FREE WHITEWATER

Accreditation in Context

There is a liturgical tradition in which parishioners reflect on what they have done and what they have left undone.  A secular equivalent for Whitewater would ask a policymaker to consider not merely what has been done so many times before, but what might – and should have been – done, years ago and now.

So it is with police accreditation: that Whitewater sought this certification for many years is hardly to the city’s credit.  Indeed, one would expect that the city’s officials have the ability to manage these matters on their own with no announcements or awards for doing so.  See Accreditation: What Would Anyone Have Done Differently?

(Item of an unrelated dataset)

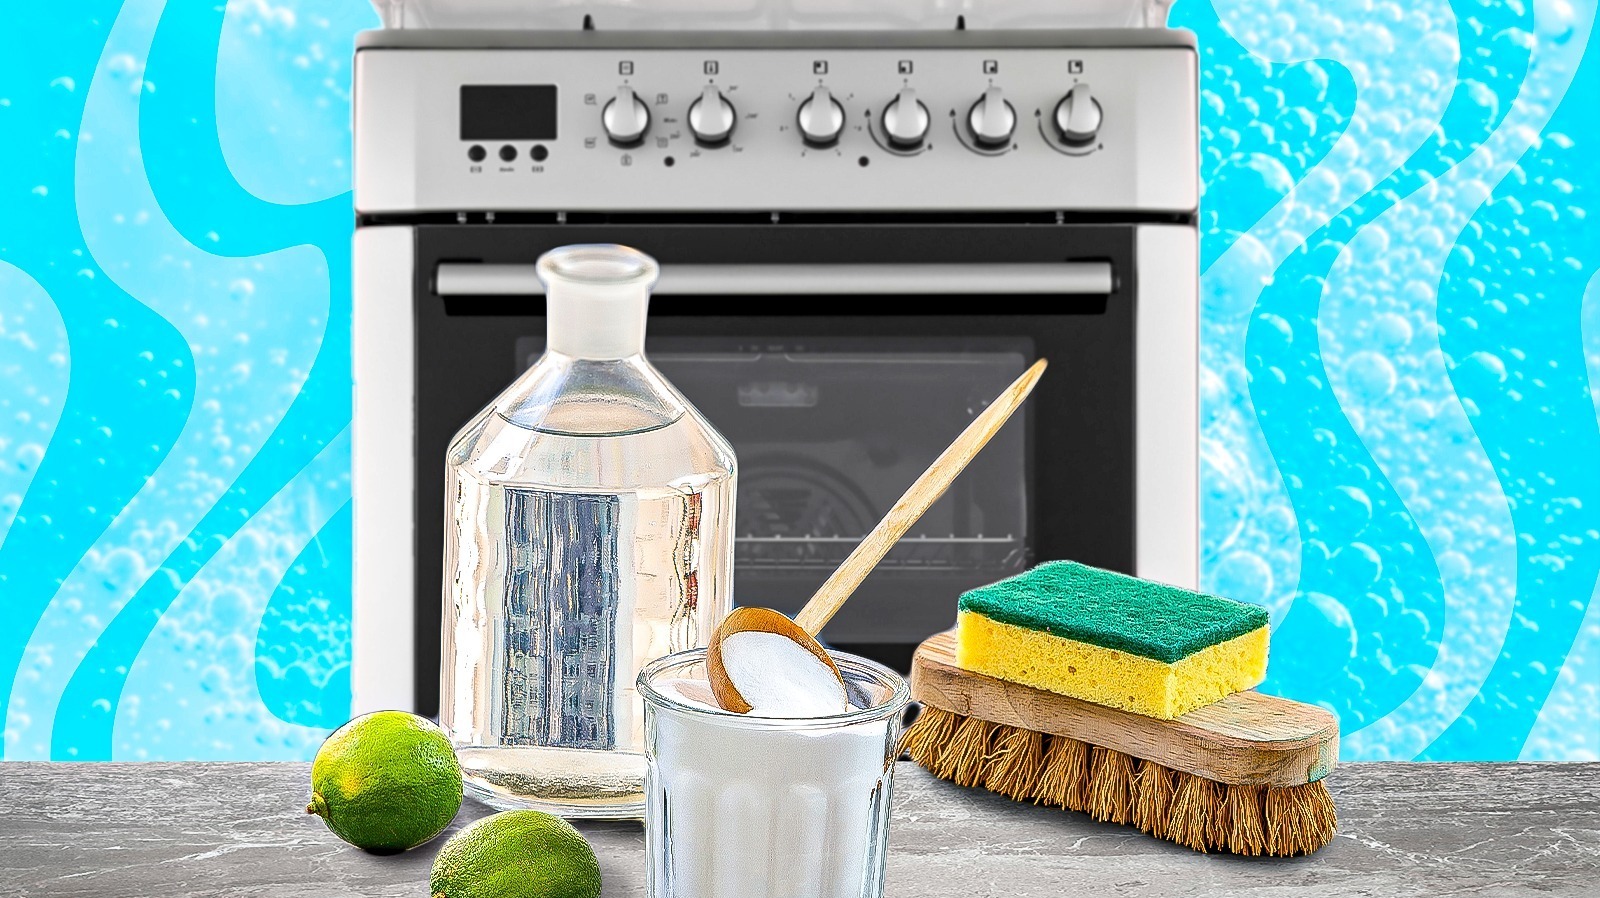 Before and After Photos: TikTok Lemon Oven Cleaning Hack Works

Following the preferences of Whitewater’s former chiefs isn’t a virtue – it’s closer to a resplendent error.  Longstanding practices of this kind will never substitute for genuine town-gown respect, or equality of treatment for all people within the city.

An out-of-town insurance agent‘s reassurances, specifically, amount to laughable hubris: an insurance company’s concerns about claims are neither a dispositive legal determination of liability nor a representation of residents’ experiences (as the insurance agent is not a resident).

Doubtless, there are some residents who will take comfort in accreditation.

And yet, and yet —  the indication of Whitewater’s better condition will not come when other cities look at her accreditation checklist – it will come when other cities look to her work in town-gown relations or relations among demographic groups.

What’s been done matters less than what’s been left undone.